Correlations among different seed components and yield in soybean. Positive correlation (+), negative correlation (−). Temperature (yellow high temp; blue low temp.) affects protein, oil, and sucrose concentrations and it is shown by up (increase) and down (decrease) arrows. Correlation between known sub-components such as cysteine, oleic acid, raffinose, and stachyose are shown (color figure online)

Fig. 2
figure 2

Integrated genomics and breeding approaches for soybean meal improvement. This figure illustrates the systematic approach for germplasm selection, phenotyping for seed components under different environments, parent selection, and development of mapping population. Different genotyping approaches can be used to identify the QTL hotspots, haplotypes, and markers. After validation, these QTL can be subsequently tracked in marker-assisted backcrossing (MABC) and marker-assisted recurrent selection (MARS) approaches for trait introgression and cultivar development. Additionally, available genomic resources and phenotypic data (training population) can be utilized in genomic selection of progeny and crossing design

Global and economical perspective of soybean meal protein

History, domestication, and utilization of soybean may relate to its protein content

Soybean originated in Southeast Asia and was first domesticated in China, then spread to Japan and Korea. North (http://ncsoy.org/) and South America (http://www.soyinfocenter.com/) did not begin cultivation of soybean until 1765 and 1882, respectively (Flaskrud 2003; Gibson and Benson 2005; Hymowitz and Shurtleff 2005). The Japanese and Korean accessions are closely related but generally distinct from Chinese accessions, and distinct from other parts of the world. The foundation of Northern American soybean breeding is derived mostly from two Chinese subpopulations, which reflects the composition of the American accessions (~90% are admixed) as a whole (Bandillo et al. 2015). Additionally, the American soybean germplasm resulted from a severe population bottleneck when they were introduced to North America (Hyten et al. 2006). About 17 North American Ancestor lines contributed 86% of the parentage of modern US cultivars. Similarly, Gizlice et al. (1993) reported that fewer than 15 progenitors constitute the major portion (>70%) of the genetic base for US soybean production. It has been reported that in addition to geographic origin, maturity groups were the principal determinants of population structure as well as seed composition traits within the soybean germplasm collection across the sub-continents (Fig. 3) (Bandillo et al. 2015).

Fig. 3
figure 3

Analysis of the SNPs in the genomic regions (29.8–31.6 Mb) on Chr.20 shows that the North American ancestors and elite cultivars (magenta) are different as compared to soja (red) and several Korean cultivars/landraces (black). The known US (Williams82 and Benning) and Korean (Danbaekkong) elite lines are denoted by blue dots (color figure online)

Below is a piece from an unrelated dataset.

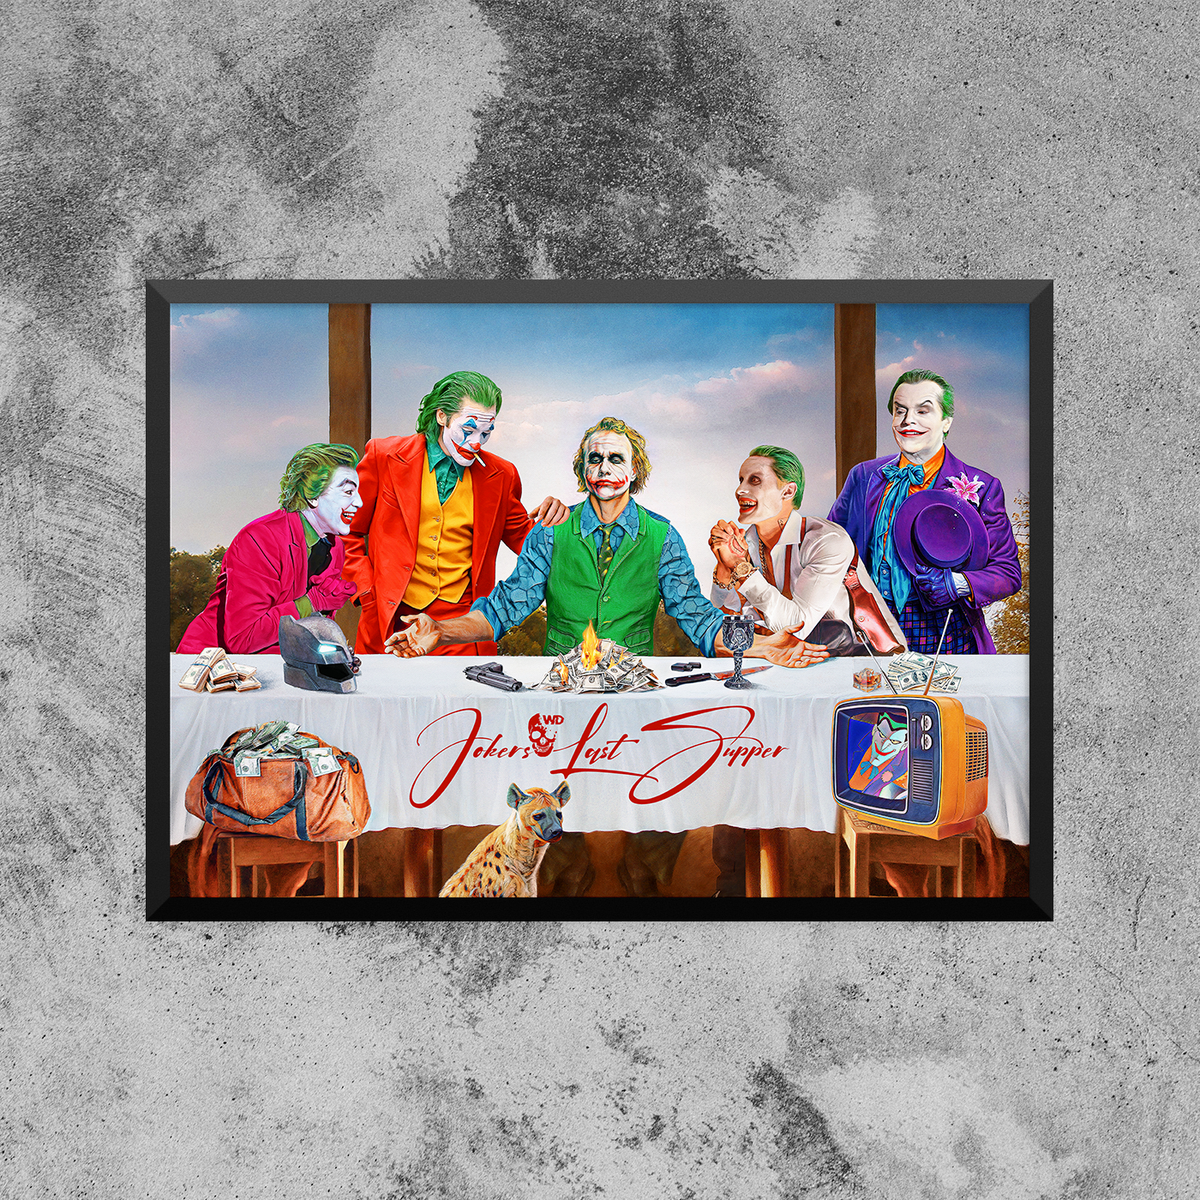 Jokers Last Supper!

Soybean breeding in South America is recent with a narrow germplasm base that is mainly derived from US cultivars and germplasm (dos Santos et al. 2016). The US has the longest history of soybean cultivation and utilization among countries in North and South America. Early use of soybeans in the USA was for forage and to some extent, green manure. Soybean production as a seed crop initiated in the 1940s (after World War II) as the demand for oil and lubricant increased (Gibson and Benson 2005). A commercial advantage due to higher yield and seed composition encouraged soybean breeders/farmers to develop improved cultivars. During 1950–1960s, demand for meat consumption increased, and meat producers found that soybean meal was the preferred source of protein for poultry and livestock at an affordable cost (http://ncsoy.org/). This use increased the demand for higher protein content and convinced breeders towards breeding for higher seed protein in recent years. On the other hand, soy foods including tofu, soymilk, natto, and edamame have generated tremendous interest especially with Korean and Japanese soybean breeders because of their nutritional value and human health benefits (Lee et al. 2015a; Shi et al. 2010). A history of the Korean breeding program and pedigree of popular lines suggest that soybean breeding focused on soy-food-driven traits especially protein and other functional ingredients (Lee et al. 2015a).

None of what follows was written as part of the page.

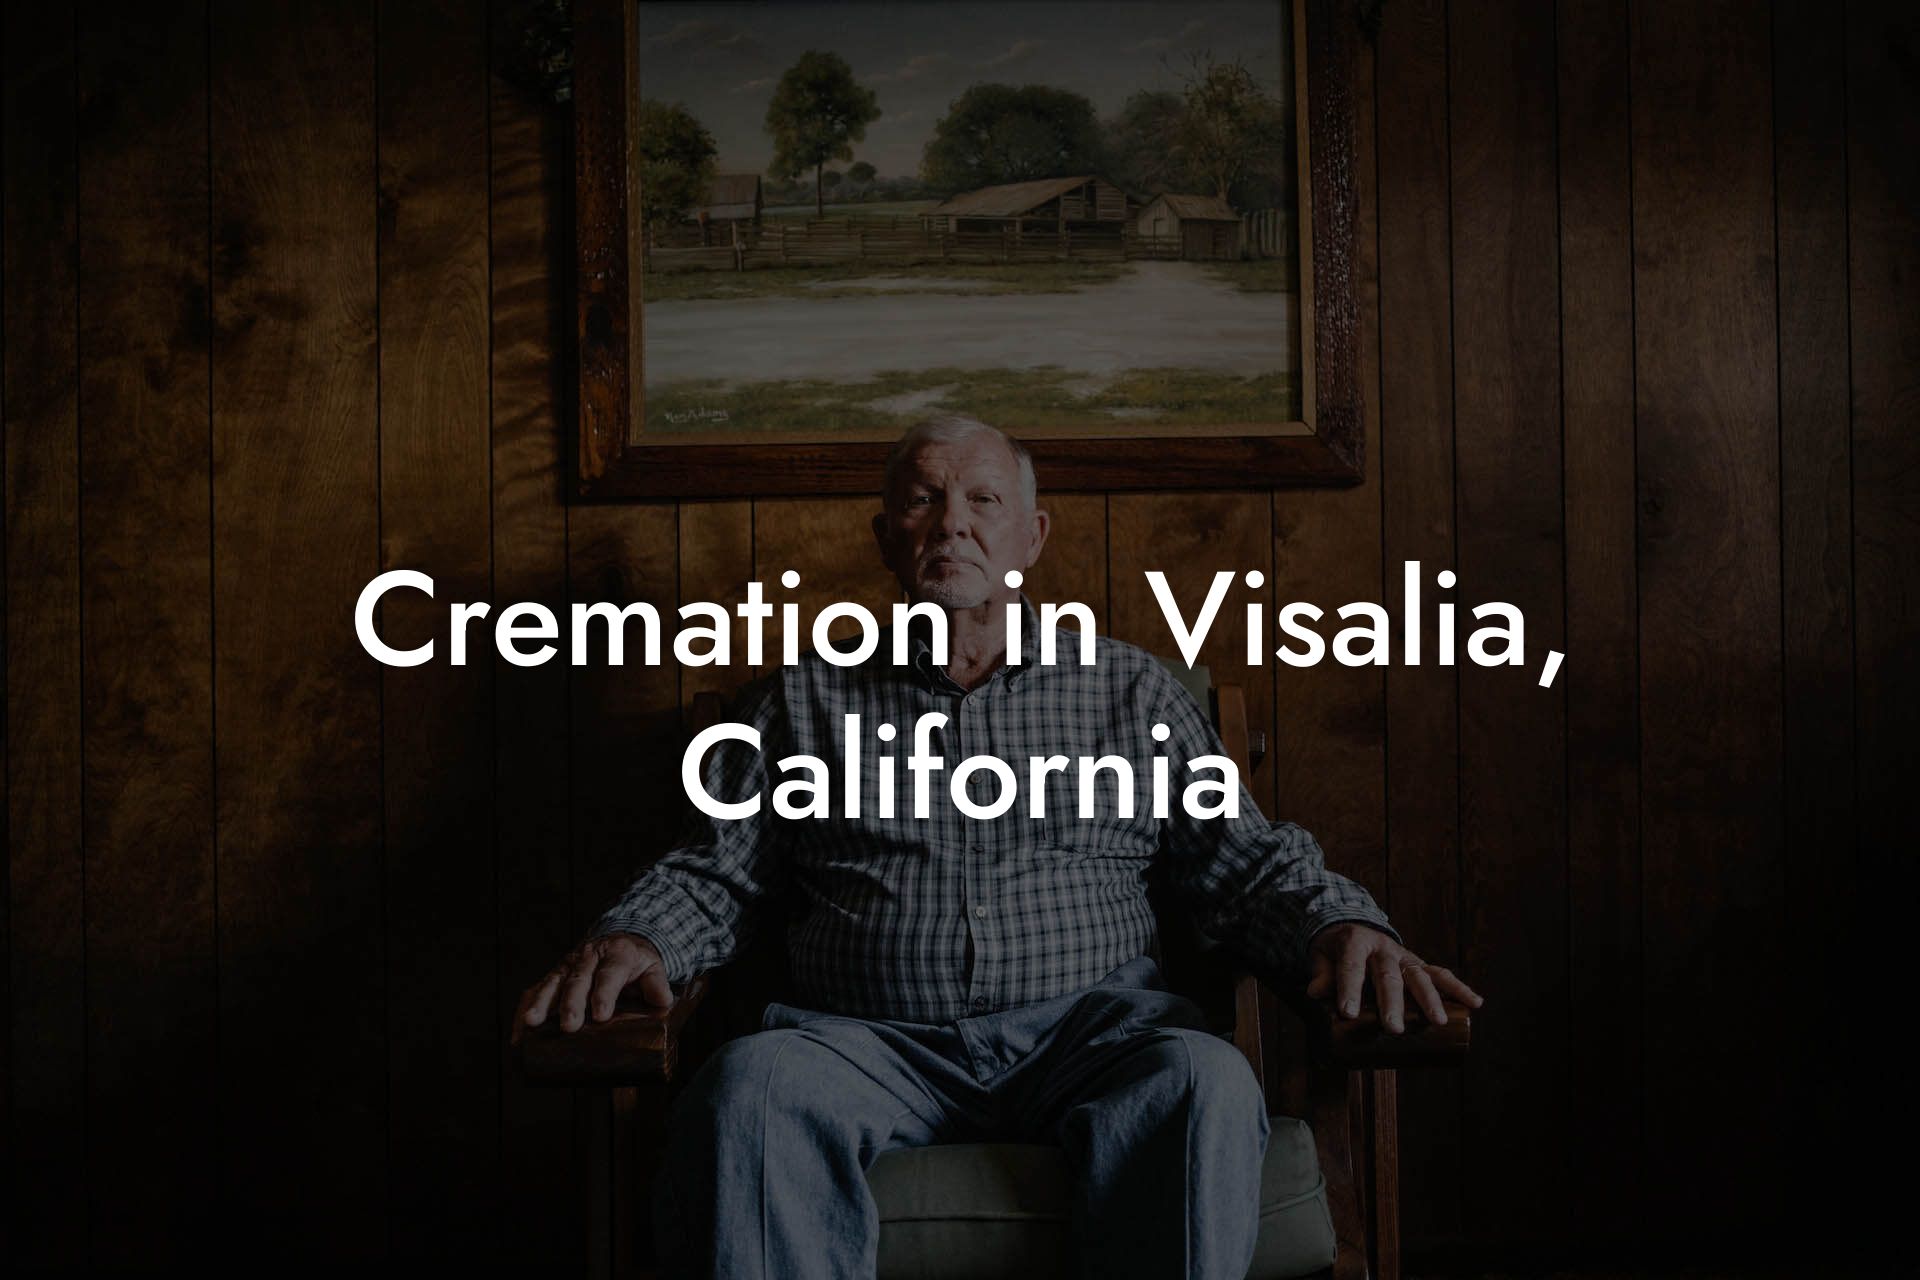 Cremation in Visalia, California

Major soybean meal producers: US, Brazil, and Argentina

Despite the domestication of soybean in Asia, it found a welcome home in US and became successful as forage crop and subsequently a major grain crop because of the need for oil (food) and meal (feed), and it benefited other crops in rotation (Brown 2012). The success of soybean in US created research interest in Brazil for developing soybean that could be grown at lower latitudes (Goldsmith and Hirsch 2006). During the past ~80 years of soybean breeding in the US and ~40 years in Brazil, the increase in soybean production has been significant, and was built upon a consistent effort in germplasm exchange, advanced breeding techniques, and agronomic practices. On the other hand, Southeast Asian countries (China, Japan, and Korea) have fewer hectares devoted to production because of the historical dominance of US soybean production, and political decisions to focus on Southeast Asia being self-sufficient in cereal grains (rice and wheat) (Brown 2012).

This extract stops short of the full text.